The process of bank assembly begins with placing a conductive support structure 310 over a first cell pair assembly, contacting the electrochemically active layer 110 to provide for electrical connection to the upper layer of the electrochemically active layer 110. The conductive support structure 310 extends beyond the edge of the metal substrates, at one or more sides thereof and is arranged to not interfere with the chimney formed by the ports and raised port features.

The conductive support structure may be a stamped metal plate, similar to conductive support structure 310 described previously, and it may be in the form of an electrically conducting mesh or similar (as described above with reference to separator 440).

FIG. 14a shows a third cell unit, having metal substrate 120c, placed over the first cell pair assembly such that the conductive support structure 310 contacts the electrochemically active layer of the third cell unit.
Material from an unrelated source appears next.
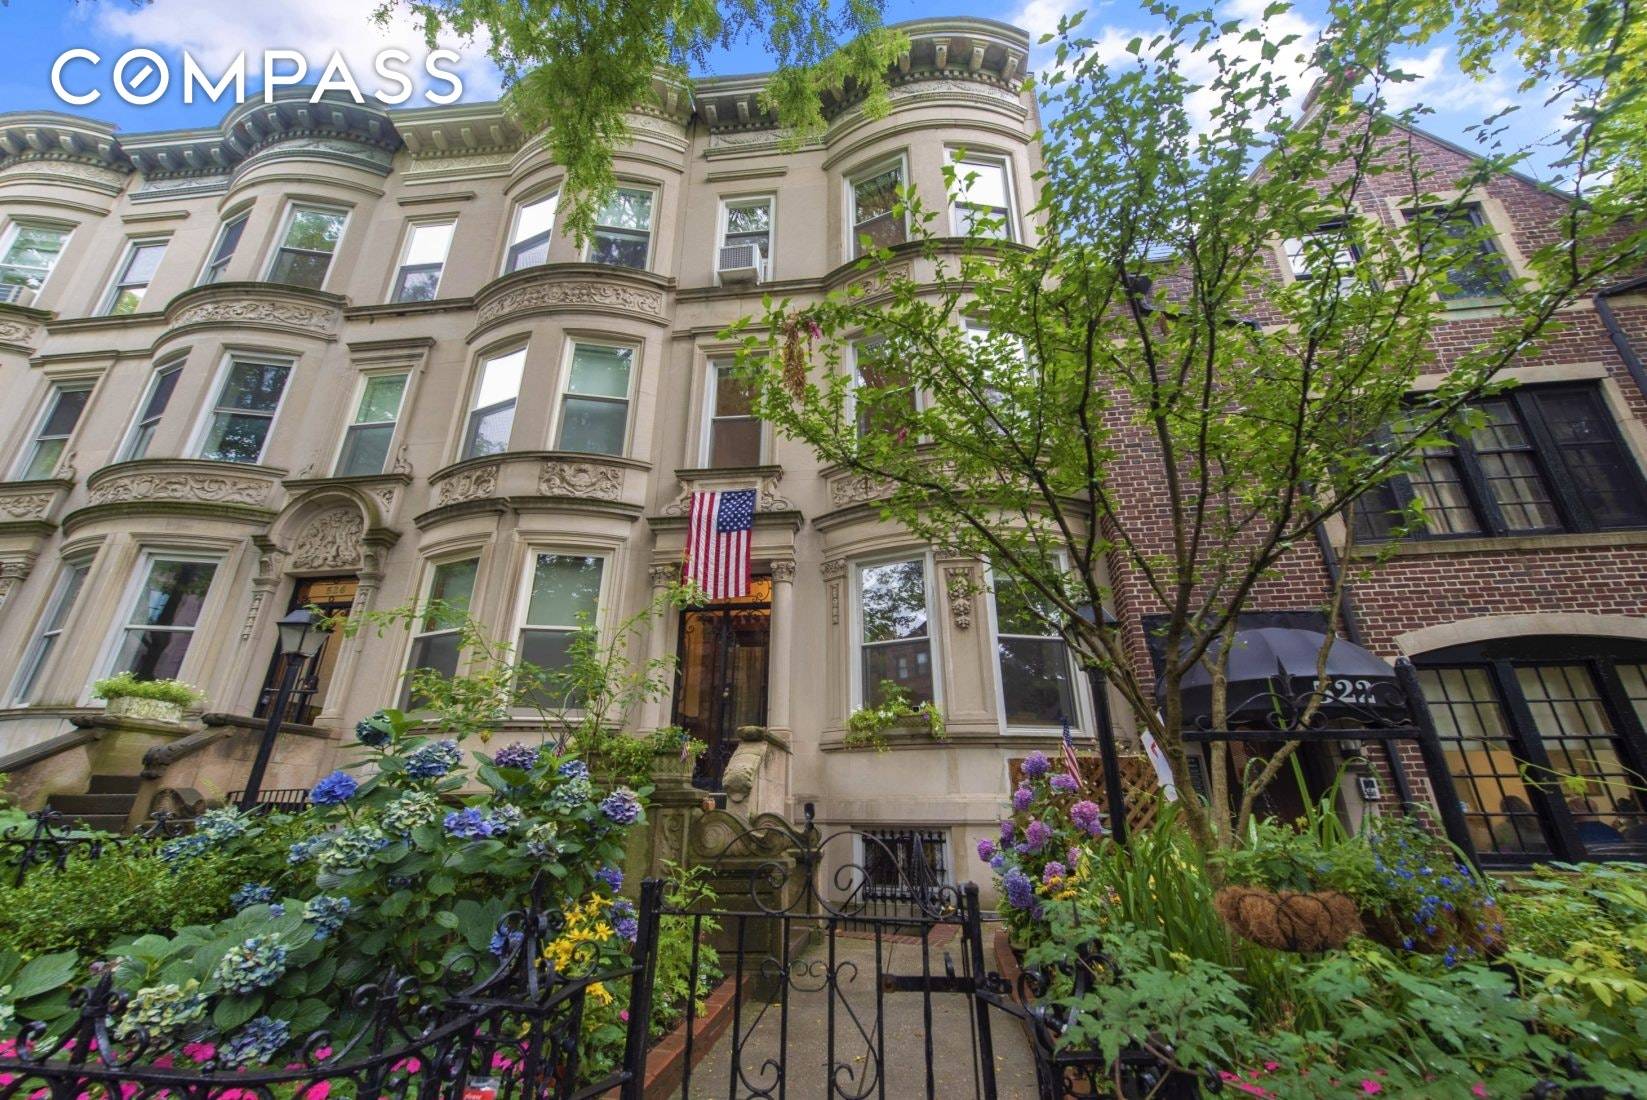 Here s a rare opportunity to own a historic three story Landmarked Park Slope townhouse on a coveted tree lined street.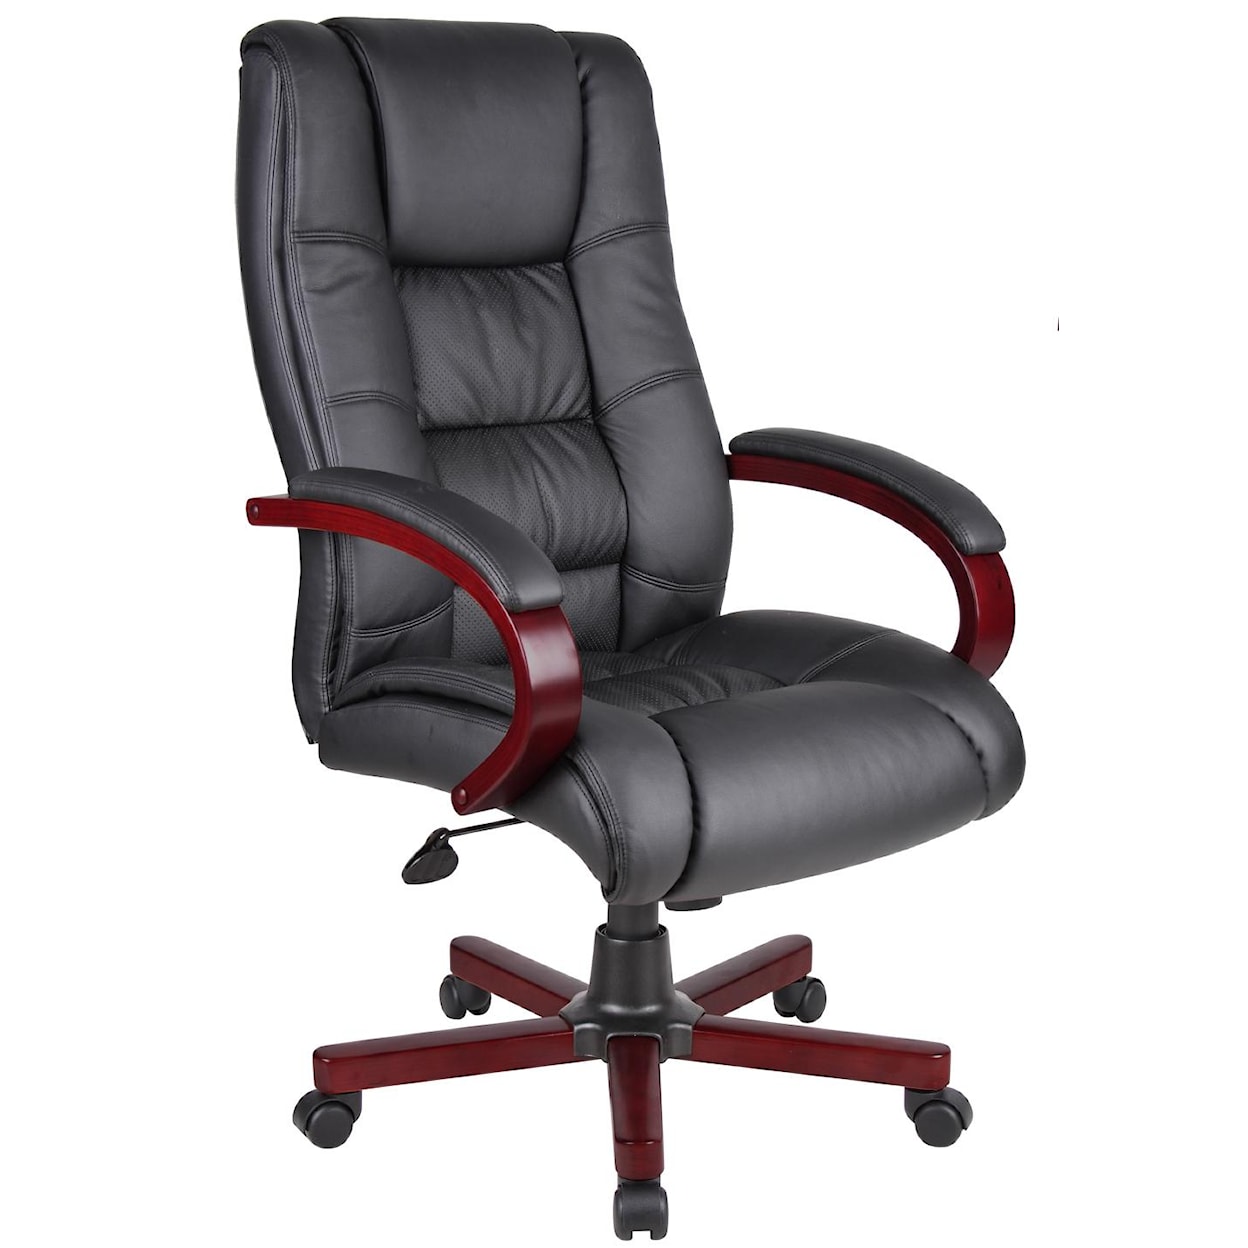 Presidential Seating Executive Chairs Upholstered Executive Chair

The annular raised port feature 1050c and outward protrusions 1040 of the third cell unit contact the corresponding annular raised port feature and outward protrusions 1040 of the first cell pair assembly. FIG. 14b shows a cross section through the port region of the cell units of FIG. 14a. The third cell unit is then welded to the first cell pair assembly around the contacting raised annulus port features 1050b and 1050c along a weld line creating a seal between the port holes 980a and 980b in the first cell pair assembly and the third cell unit.

Edge tangs 1510 are also provided, as shown in FIG. 15a to electrically connect adjacent conductive support structures 310 outside of the cell substrate periphery. The electrical connection between edge tangs of adjacent conductive support structures may be improved by welding through interfacing surfaces of the edge tangs.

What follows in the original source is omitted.